## REQUIREMENT
An unchanged copy of every record below, without pictures, is the goal.

## Dataset excerpts
+--

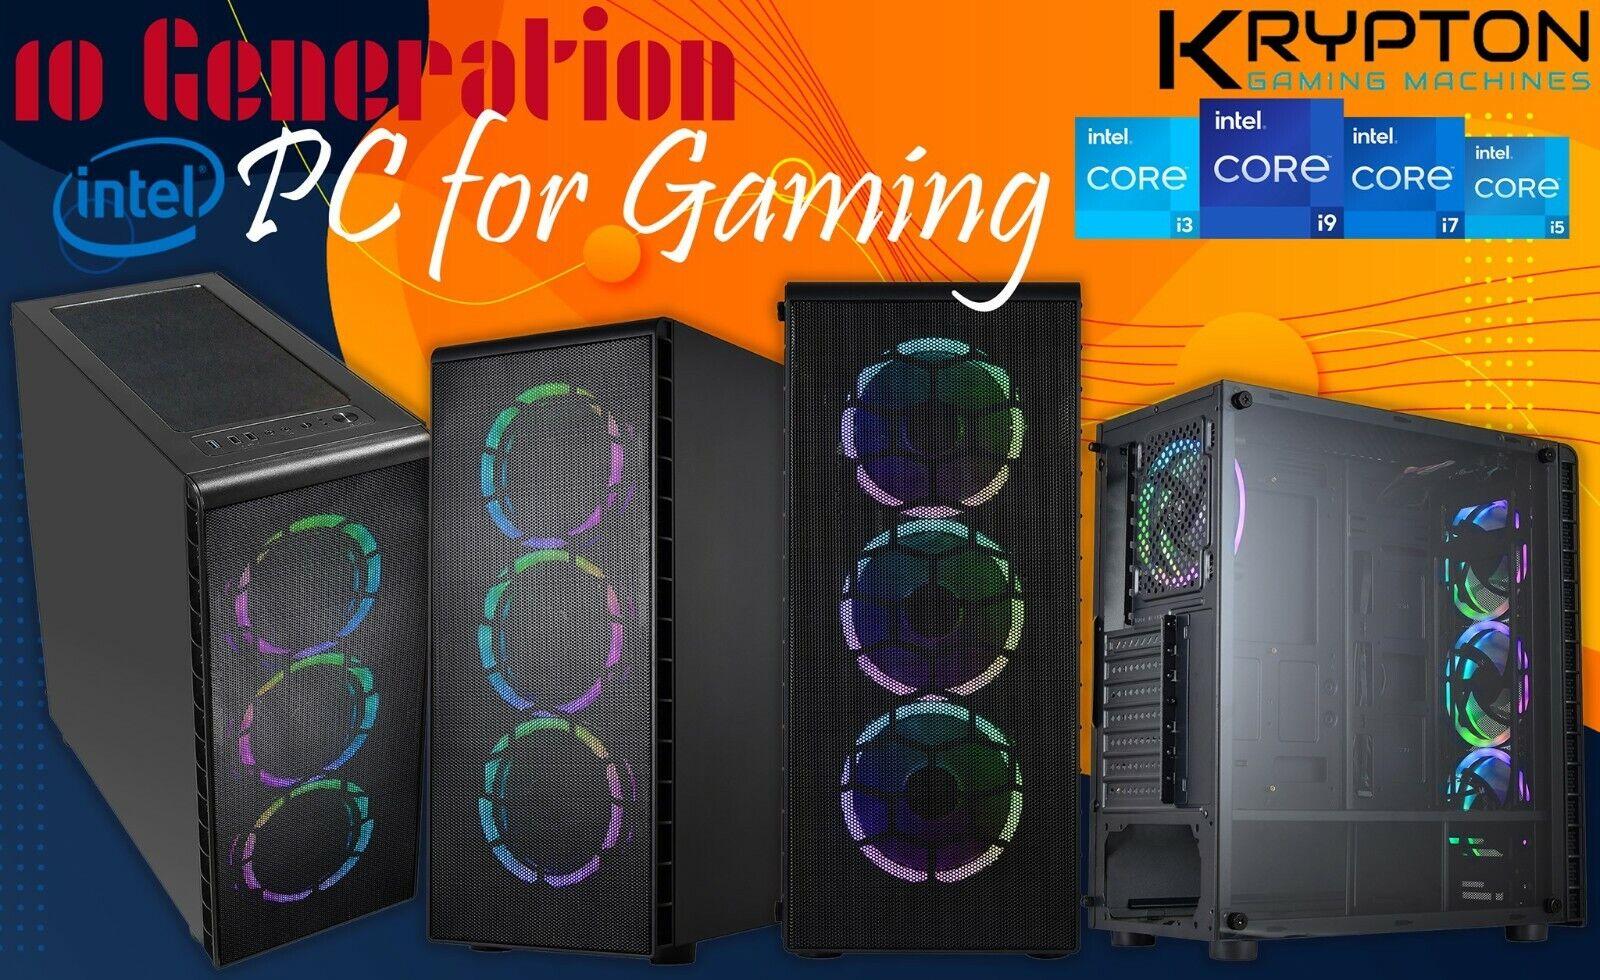 Computer Games - Gaming PC Computer Intel i7 11700 2TB HDD 480GB SSD 32GB RAM 6GB GTX1660-Air
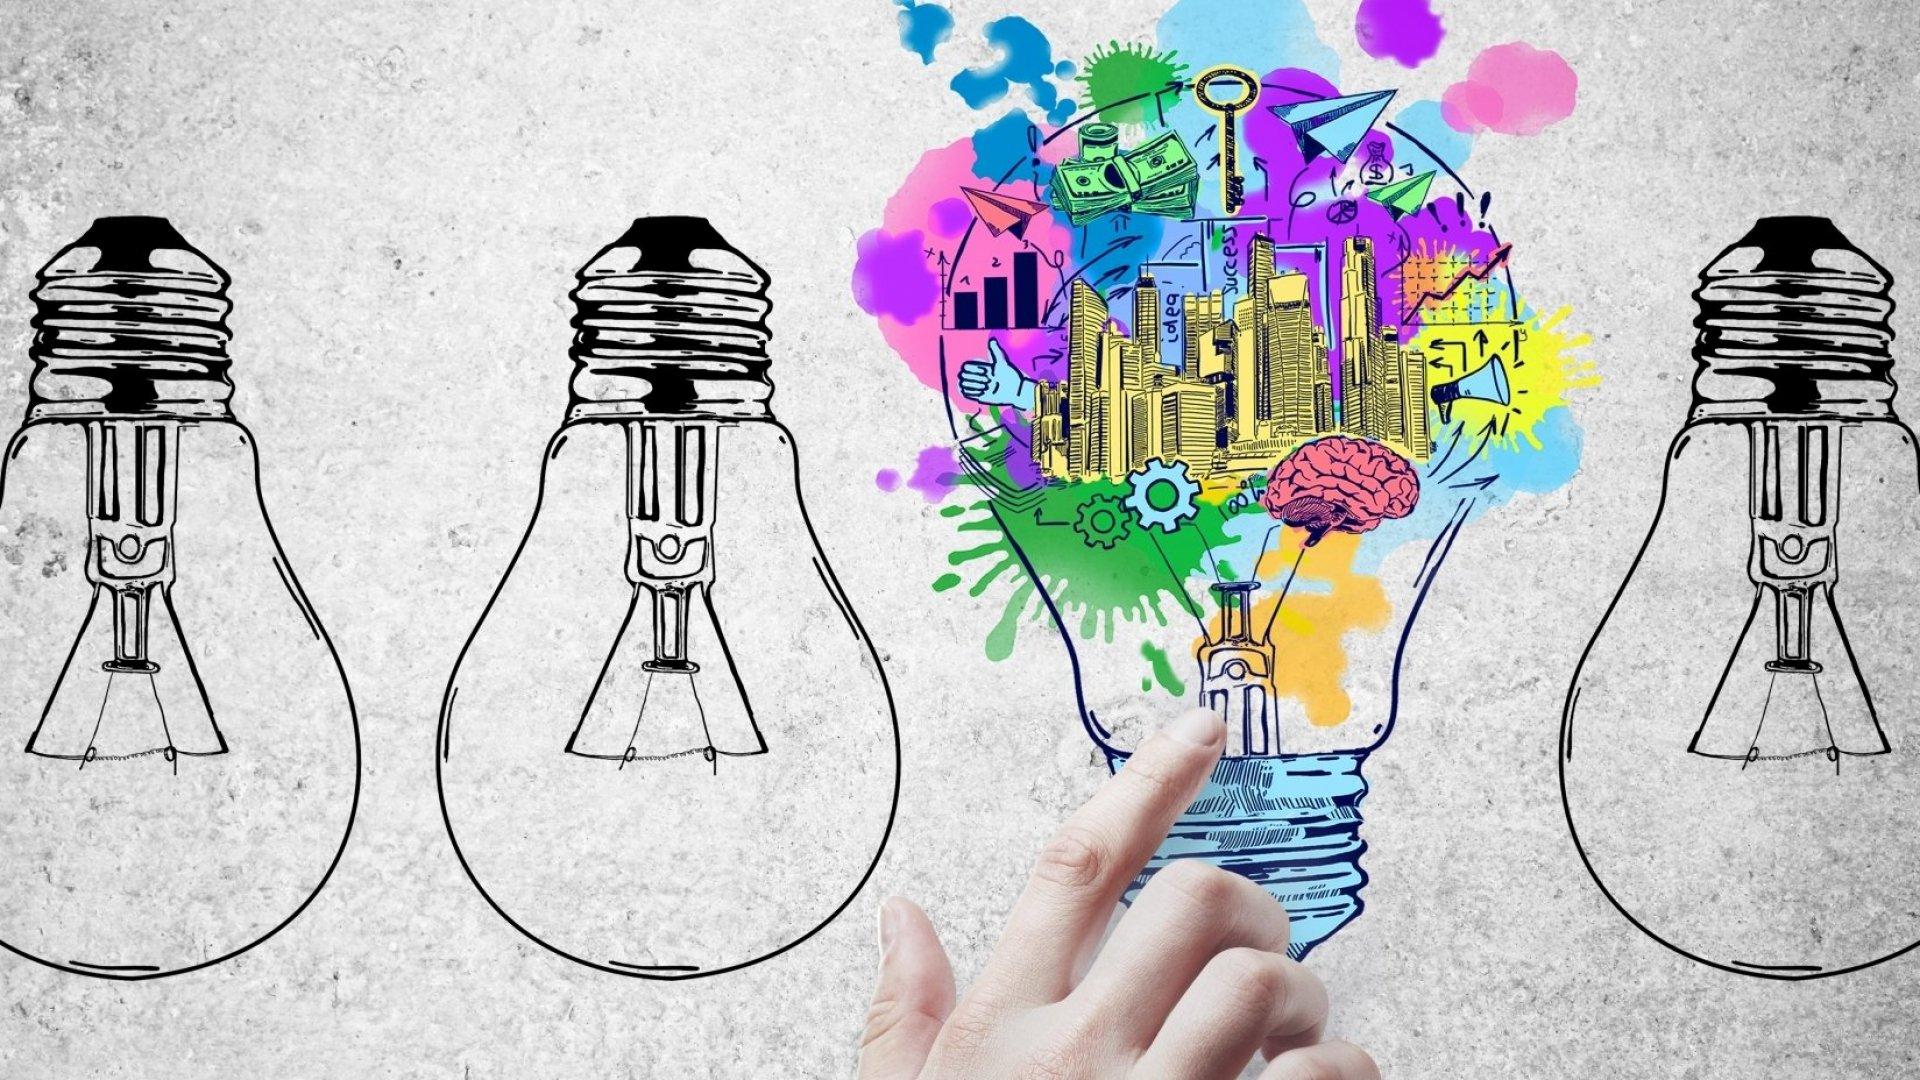 20 Smart Tips That Will Make You a Better Entrepreneur
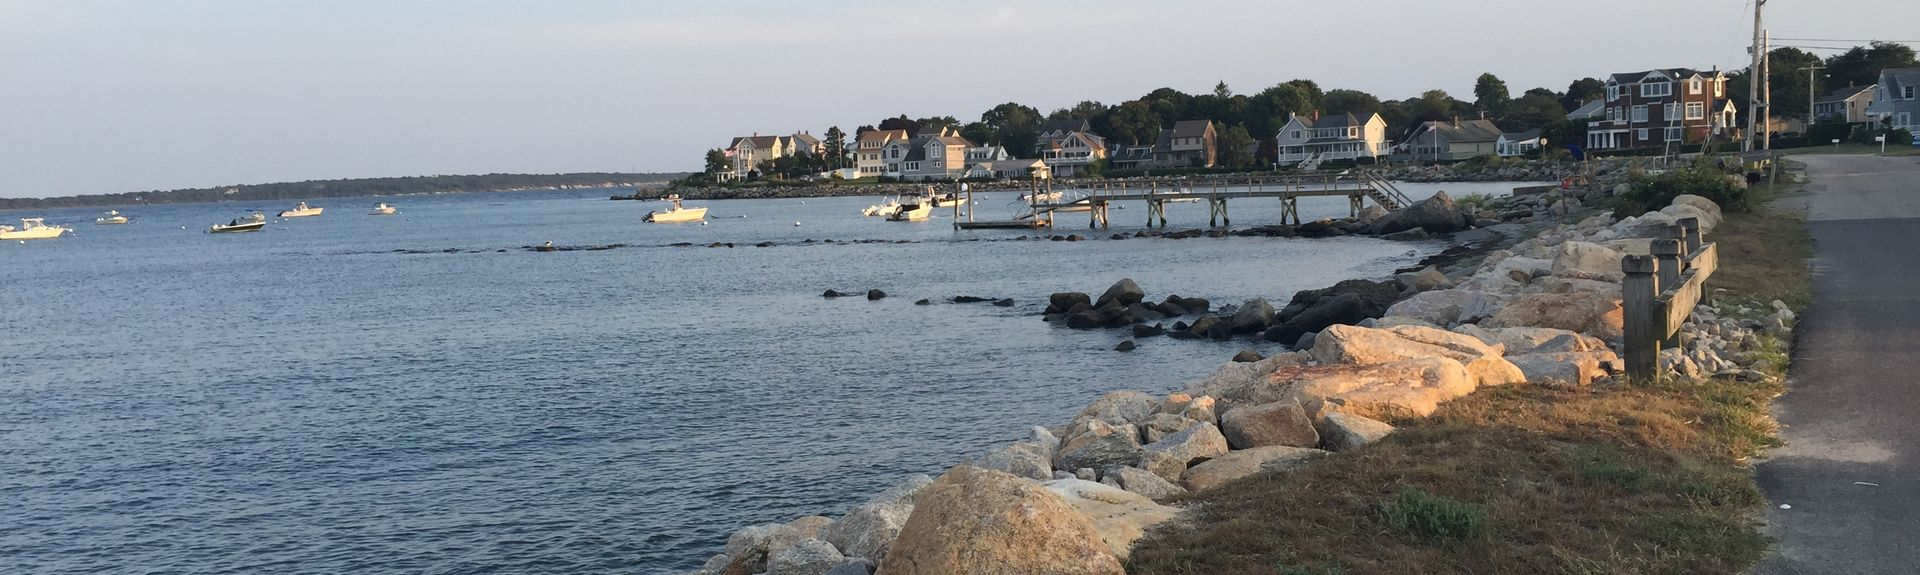 Roger W. Wheeler State Beach, Narragansett, Rhode Island, United States of America
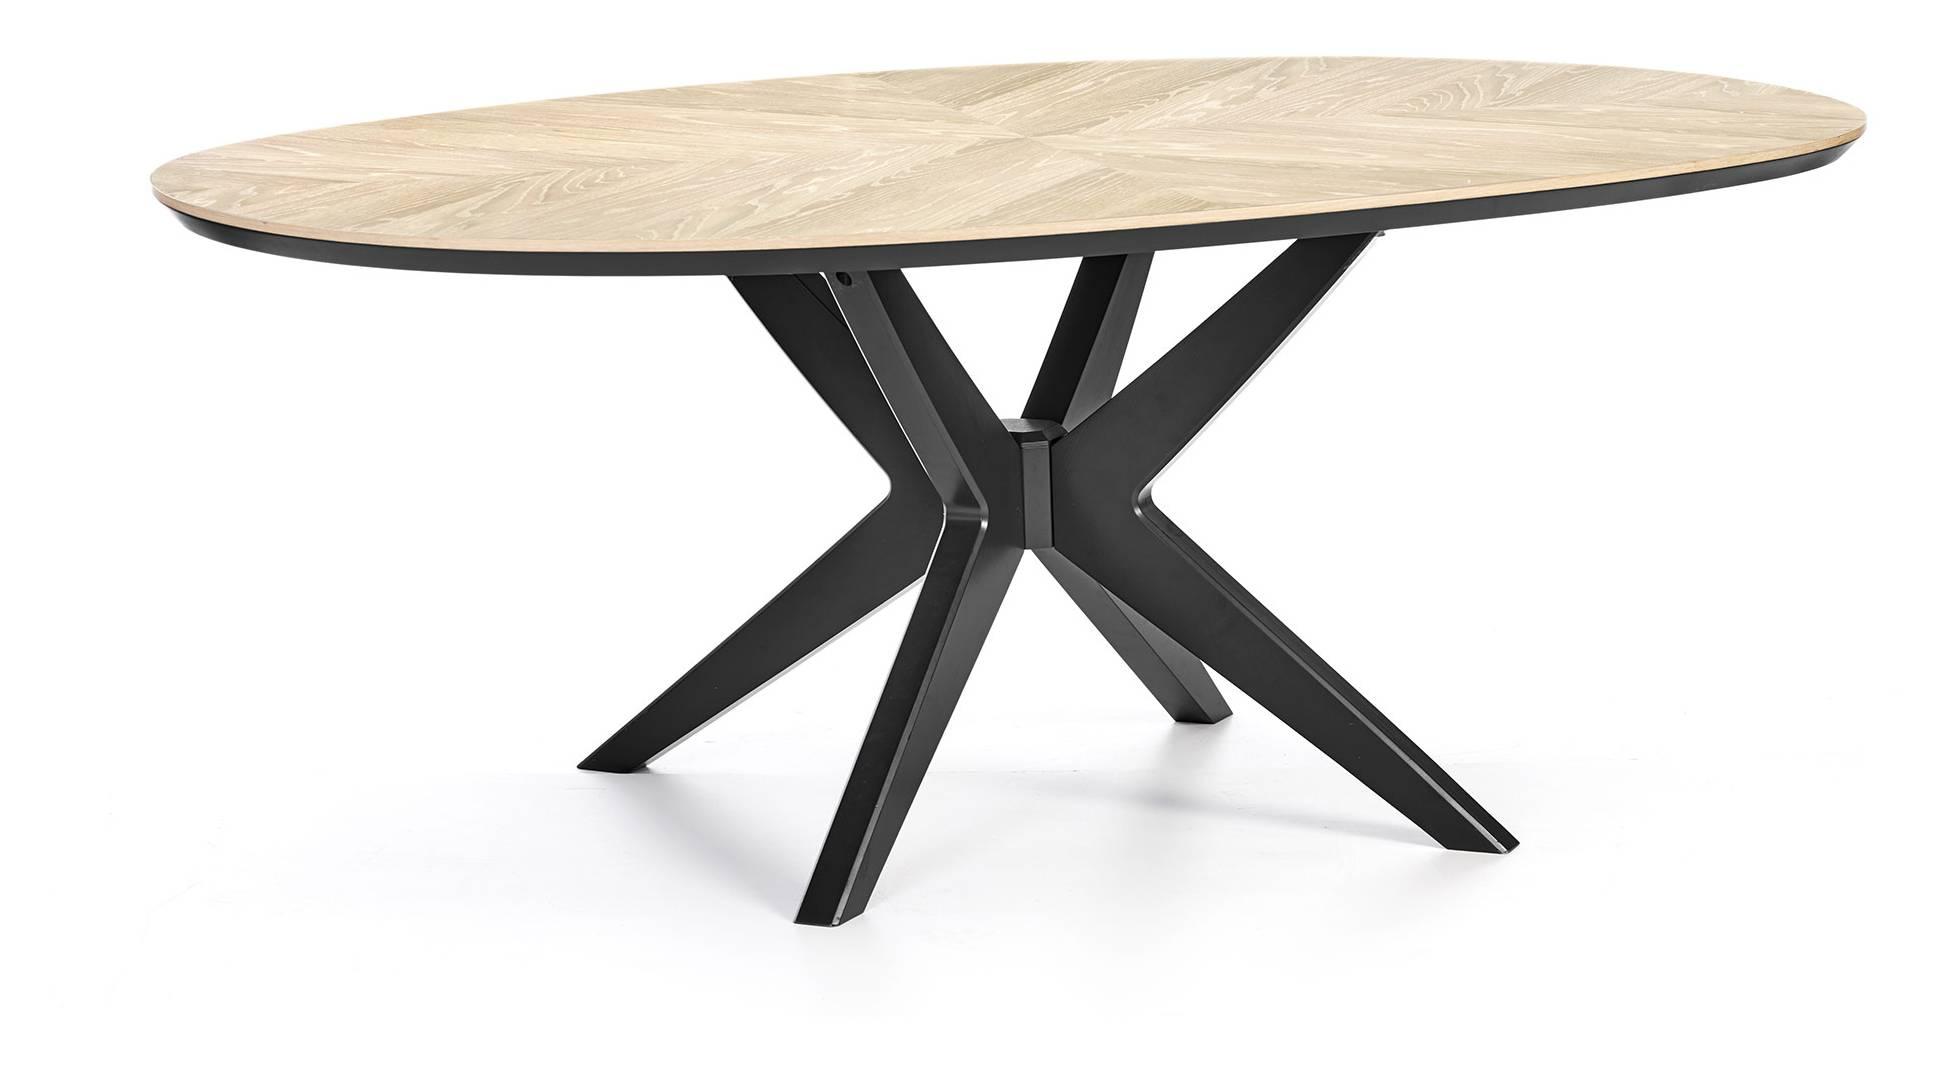 Quebec Elliptical Dining Table
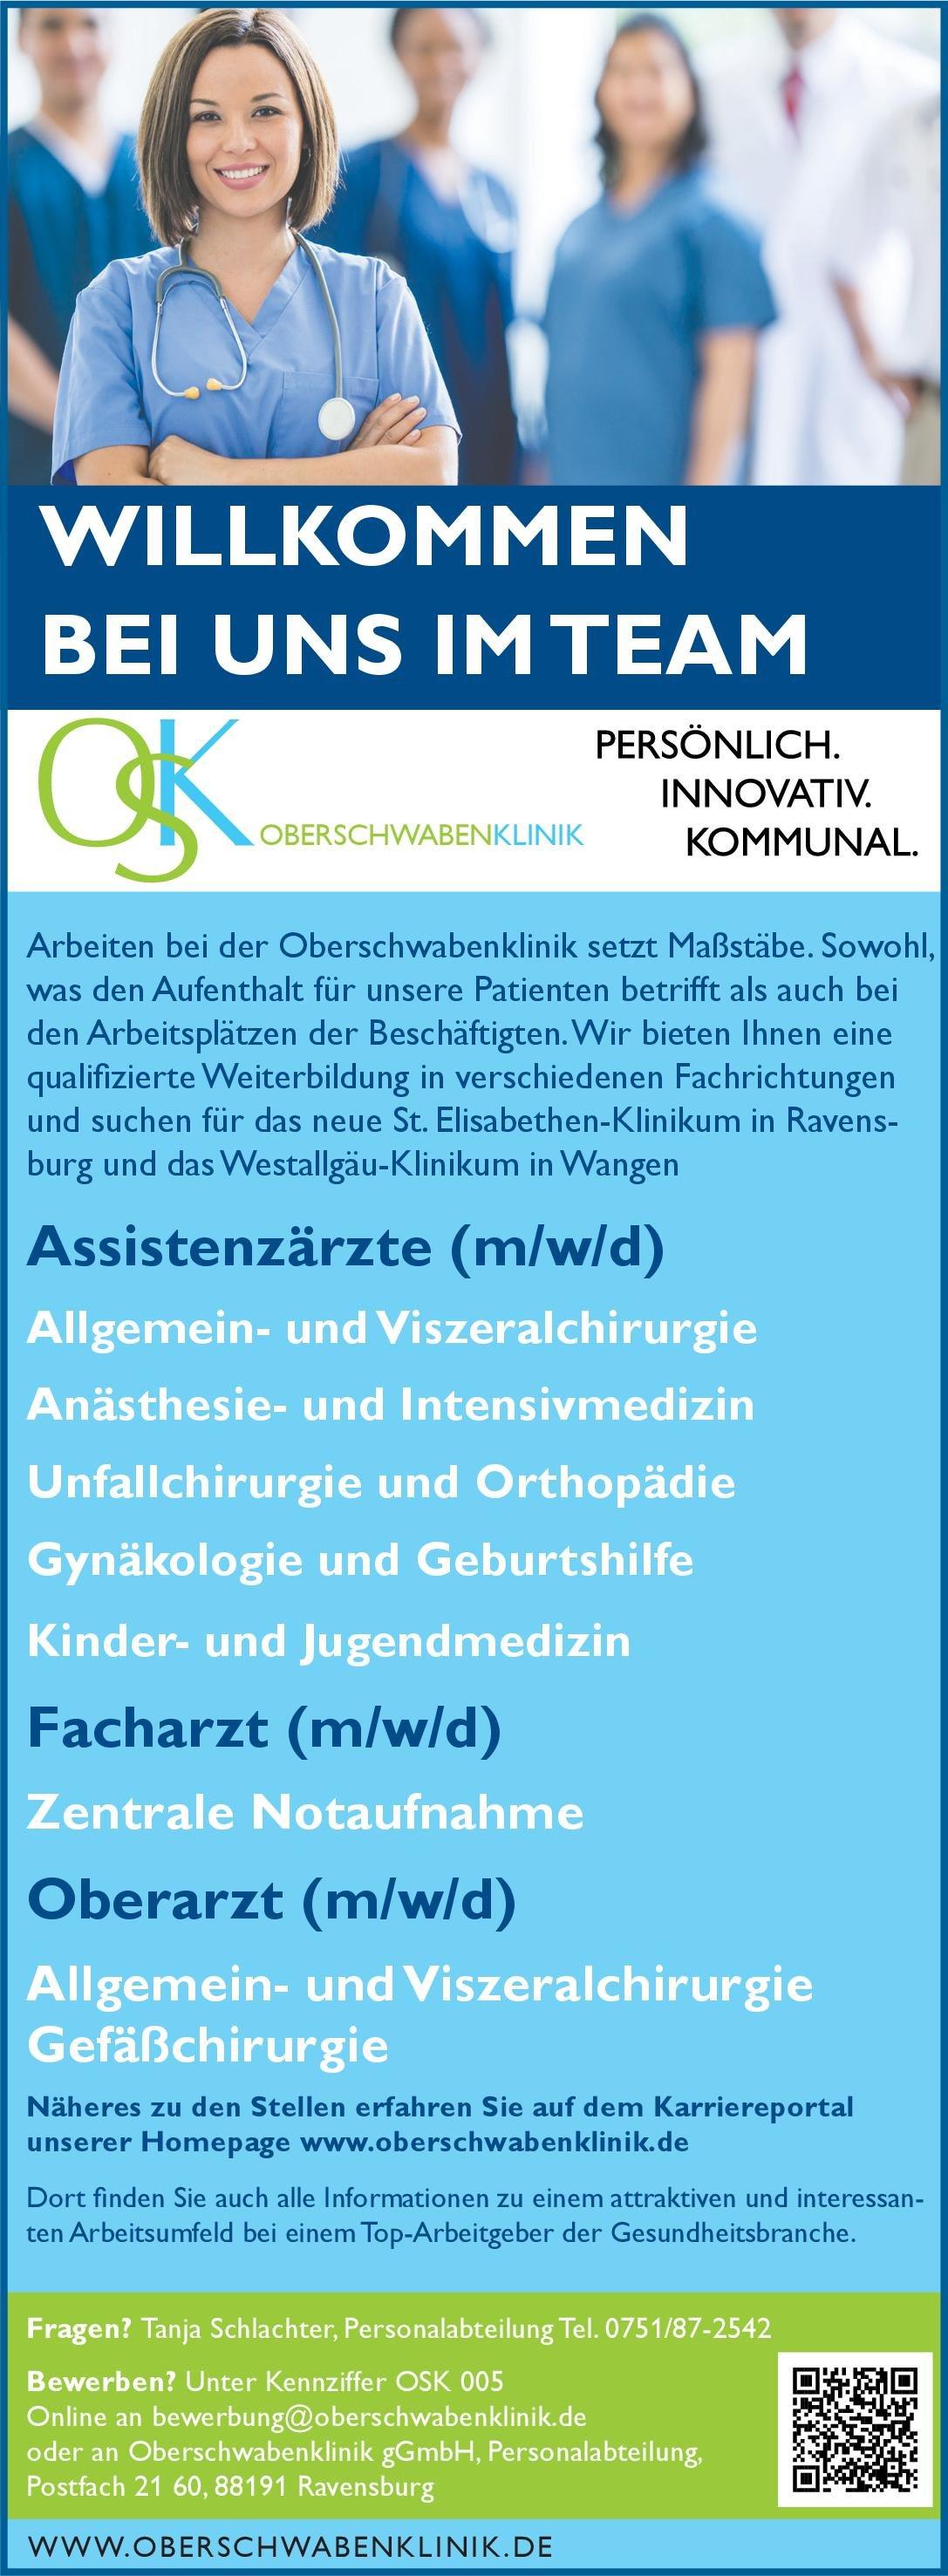 Oberschwabenklinik gGmbH Facharzt (m/w/d) Notfallmedizin Arzt / Facharzt

+--

## EXERCISE SOLUTION
 Computer Games - Gaming PC Computer Intel i7 11700 2TB HDD 480GB SSD 32GB RAM 6GB GTX1660-Air
 20 Smart Tips That Will Make You a Better Entrepreneur
 Roger W. Wheeler State Beach, Narragansett, Rhode Island, United States of America
 Quebec Elliptical Dining Table
 Oberschwabenklinik gGmbH Facharzt (m/w/d) Notfallmedizin Arzt / Facharzt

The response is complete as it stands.